_EXERCISE REQUIREMENTS:_
Reproduce, exactly, the lines of the material below from the line containing "Käse und lokale" through the line containing "kingsons kingston backpack", with both end lines included and nothing else.

_TASK DATA:_
****************
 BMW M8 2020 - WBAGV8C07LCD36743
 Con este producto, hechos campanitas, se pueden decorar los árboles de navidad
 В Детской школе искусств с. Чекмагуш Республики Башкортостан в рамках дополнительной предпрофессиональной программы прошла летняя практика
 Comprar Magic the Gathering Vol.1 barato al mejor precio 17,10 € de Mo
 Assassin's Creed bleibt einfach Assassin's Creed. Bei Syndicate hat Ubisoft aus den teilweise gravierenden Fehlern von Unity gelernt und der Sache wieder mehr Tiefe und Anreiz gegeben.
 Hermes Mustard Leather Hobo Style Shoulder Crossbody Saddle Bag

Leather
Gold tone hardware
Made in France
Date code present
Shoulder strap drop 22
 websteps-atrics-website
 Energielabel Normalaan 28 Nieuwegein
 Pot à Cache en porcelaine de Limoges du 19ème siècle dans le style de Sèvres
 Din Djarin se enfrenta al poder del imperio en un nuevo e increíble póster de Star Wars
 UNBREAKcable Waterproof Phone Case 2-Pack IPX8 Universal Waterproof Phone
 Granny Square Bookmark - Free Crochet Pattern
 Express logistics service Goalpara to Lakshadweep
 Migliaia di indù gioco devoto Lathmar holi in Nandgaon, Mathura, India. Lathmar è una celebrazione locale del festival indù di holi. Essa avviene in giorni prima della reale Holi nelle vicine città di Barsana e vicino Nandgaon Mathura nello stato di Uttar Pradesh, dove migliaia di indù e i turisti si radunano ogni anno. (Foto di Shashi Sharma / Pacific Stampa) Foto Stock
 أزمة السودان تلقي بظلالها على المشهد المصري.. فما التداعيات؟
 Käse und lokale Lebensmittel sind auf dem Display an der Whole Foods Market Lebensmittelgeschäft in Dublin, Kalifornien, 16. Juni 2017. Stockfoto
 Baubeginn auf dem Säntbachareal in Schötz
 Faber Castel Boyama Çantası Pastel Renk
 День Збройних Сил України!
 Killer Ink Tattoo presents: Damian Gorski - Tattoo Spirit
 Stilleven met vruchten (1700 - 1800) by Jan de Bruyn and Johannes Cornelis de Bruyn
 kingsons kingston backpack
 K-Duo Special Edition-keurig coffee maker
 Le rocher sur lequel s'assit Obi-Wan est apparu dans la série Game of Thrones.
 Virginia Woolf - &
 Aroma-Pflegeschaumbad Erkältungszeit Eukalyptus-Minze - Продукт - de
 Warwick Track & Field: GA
****************
_SOLUTION TO THE PROBLEM:_
 Käse und lokale Lebensmittel sind auf dem Display an der Whole Foods Market Lebensmittelgeschäft in Dublin, Kalifornien, 16. Juni 2017. Stockfoto
 Baubeginn auf dem Säntbachareal in Schötz
 Faber Castel Boyama Çantası Pastel Renk
 День Збройних Сил України!
 Killer Ink Tattoo presents: Damian Gorski - Tattoo Spirit
 Stilleven met vruchten (1700 - 1800) by Jan de Bruyn and Johannes Cornelis de Bruyn
 kingsons kingston backpack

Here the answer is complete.